Recuerde, que al igual que el resto de los sistemas de seguridad, ninguno de los modelos de cortafuegos citados es totalmente seguro. Por supuesto hay más modelos posibles, y como siempre se tratará de encontrar un buen compromiso entre seguridad y facilidad de uso.

Cortafuegos de pasarela

En las redes TCP/IP el término pasarela con múltiples interfaces de red describe una máquina que tiene tarjetas múltiples de interfaz de red, donde en general cada tarjeta se conecta a una red.

Cortafuegos de pasarela

Figura 3: Cortafuegos de pasarela.

Si la función de encaminamiento de la pasarela de  múltiples interfaces está inhabilitada, la pasarela o máquina puente puede aislar por completo el tráfico de la red interna y la red externa a la que se conecta. Se podría tratar de un encaminador apantallado, que opera en el nivel de red y basa sus actuaciones en el contenido de las cabeceras TCP/IP. Como hemos visto es la forma más rápida, flexible y barata de cortafuegos, pero también la más vulnerable a ataques y con serias deficiencias ya presentadas. Por lo tanto, en la actualidad se basa en un ordenador con dos tarjetas o más tarjetas de red (dual-homed host o multi-homed host) y un software específico llamado proxy que se encaga de realizar el transvase de información entre ambas aplicaciones.
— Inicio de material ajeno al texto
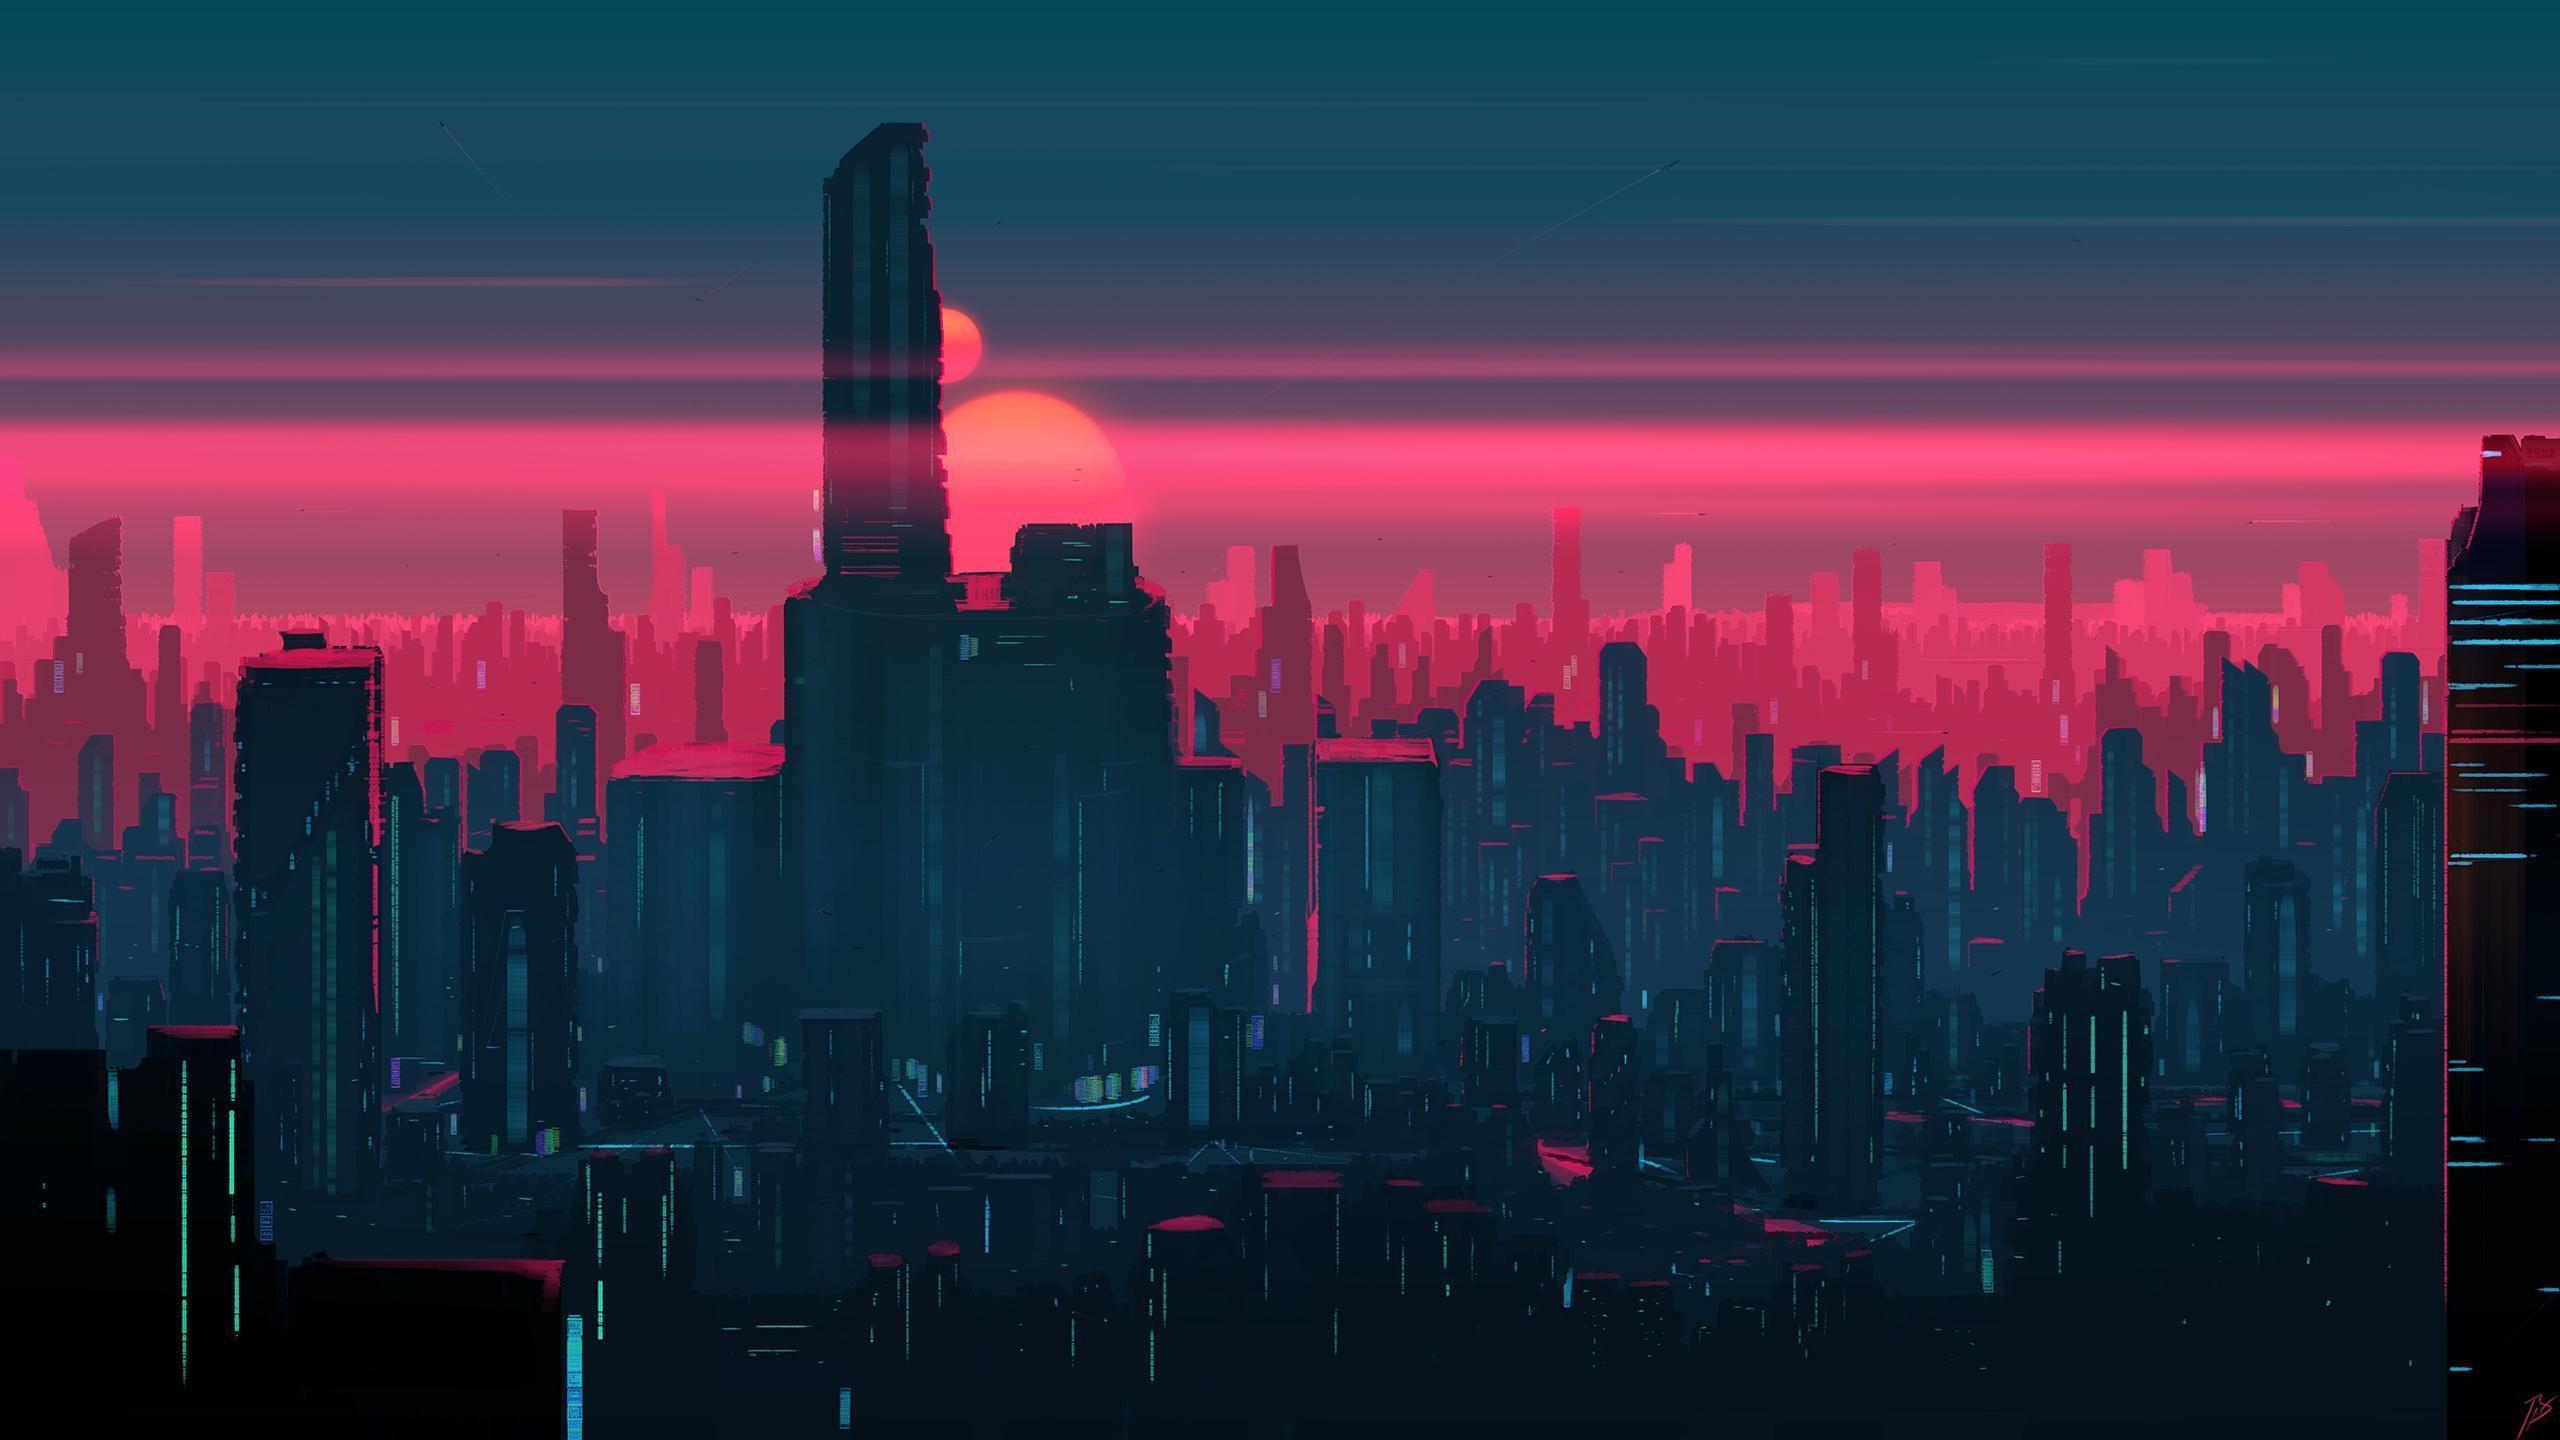 Pink Futuristic City Desktop Wallpapers Wallpaper Cave

Es decir, aunque la máquina puente aísle el tráfico entre la red interna e Internet, cada red procesará sus aplicaciones en la pasarela de dos bases y si las aplicaciones lo permiten, las redes también pueden compartir datos. Este es el caso representado en la Figura 3.

Un servidor o host bastión es un punto de la red crítico en cuanto a seguridad, debido a que si su seguridad es violada nuestra red puede verse comprometida. Es el punto central para la seguridad en la red de una organización y, por su función, debe estar muy bien protegido y sometido a auditorias regularmente. Como en este esquema el servidor bastión coincide con la máquina puente entre la Intranet e Internet, además de inhabilitar el envío IP, se debe eliminar de la pasarela todos los programas, útiles y servicios que puedan ser peligrosos en manos de un intruso . Si la máquina puente falla, la red interna no tendrá defensa ante futuros intrusos (por ejemplo, si el intruso obtiene suficientes privilegios del sistema, podrá cambiar el valor e la variable ipforwarding y habilitar el envío IP, con el cual se ignorará el mecanismo del sistema de protección.), a menos que el problema se detecte y corrija con rapidez.

Cortafuegos con encaminador supervisor

En el esquema visto en primer lugar, puesto que el servidor de bastión es el punto de entrada y de salida a Internet, red externa no confiable, casi siempre están sujetos a invasiones. Por lo tanto, por lo general se coloca otra primera línea de defensa entre la red externa no confiable y la interna. Esta línea la suele proporcionar un encaminador apantallado creándose un área denominada DMZ (De militarized Zone). En esta área se puede colocar el servidor Web externo, el servidor FTP, y otros que se estimen oportunos destinados a los usuarios externos.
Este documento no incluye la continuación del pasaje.